I always wondered why a man can do a female wrong time after time & she will still be by his side. But when a female does ONE THING wrong the man leaves instantly.
A mother CAN abandon their child, yet the child who’s father left the mother placed a hole in the child in the shape of a father, and now will duplicate this behavior without knowing how to communicate their emotional hurt in pain and change this cycle, it is why men can do this easily they are taught by this action alone without any level of pain or what caused the pain. It would seem that when a child has this as a hole within them can point to what the expectation is to include the abandonment of both!
The suffering that this causes is the creation of why we are in a country were 24 million children are without a father. Unless or until a man is willing to stand in their pain and accept this truth to share this pain as a way to end the suffering this will continue. This is how they will heal this by accepting their truth and knowing their pain! You can’t fix this cycle without acceptance of the truth inside yourself let alone the pain that it gives you.
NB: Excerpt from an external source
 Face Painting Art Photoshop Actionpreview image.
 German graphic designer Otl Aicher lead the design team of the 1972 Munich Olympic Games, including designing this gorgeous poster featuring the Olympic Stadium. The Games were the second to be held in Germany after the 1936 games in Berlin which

A fatherless daughter -This suffering also has it’s fuel, as a woman you will seek out a man who will abandon you easily, as this is what happened with your first experience with a man if you are a fatherless daughter whether daddy was in your life, yet absent emotionally, or all together physically not in your life you will seek this in a man that you will choose. You will even compromise and even find men who are unavailable because you need to fill this hole inside of you as a father may or may not been in your life but didn’t express the energy you needed because they didn’t lack the communication you needed to heal this. You had to tell yourself a lie about yourself to try and make sense of why this was missing. The truth is you hurt, and you suffer in that hurt doing things in acceptance that are not love, but could in turn be an emotional clinging with no understanding why. You will try and fix this in them, as a means to fix this in yourself. You will find a man who will hurt you in this way without knowing this is the energy you are calling to, not seeing that you are in pain, and make a choice to stay in this pain.
This is why the attachment is different from a mans viewpoint.. A man will not see the emotional attachment as a woman will base this on how the man is or isn’t emotionally available… If his mother has always done nothing but protect him, and he never was able to speak about what his pain was regardless of his actions. It isn’t that never did the man not trust his mother, he will seek out this in relationships.. someone who will continue with him to ignore this pain to create the same energy that a man has become accustomed to with his mother. If she was always attacking him and punishing him without showing him how to heal from what pain causes these actions. He will seek relationships similar to this as he makes the choice to be in relationships. He will seek a woman who is ok with him not sharing his pain and accepting him regardless of his actions and lack of knowing how to communicate his heart that is hurt or that is of emotional energy. This removal of being attached makes it probable that there is a hidden pain that will be found out by the woman. In most if not all cases if a man is able to walk away and be unforgiving it is because it was done to him by his father or mother.. The ability to walk away from a relationship is taught by experiencing it with no reason. If a man can do this they were abandoned by their father. There was no explanation and no looking back. The male child will now duplicate this behavior. This to the son who’s father leaves or is absent in their life will not know how to be understanding of those actions.
In most cases they will be in the relationship with only one foot out the door no matter the time line of the relationship. The cycle doesn’t end there, they will seek out like energy to include a relationship where the woman has children and the father is absent in the children’s lives. This will turn into a challenging relationship as the man will take a full role in being as the children are cause of the energy feels the same. It is the law of energy that is the truth not the thought process as it hasn’t become aware in this way. How could it? If this was seen as it was with energy wouldn’t it be up to both male and female to heal this one child at a time, to include the inner child they both have?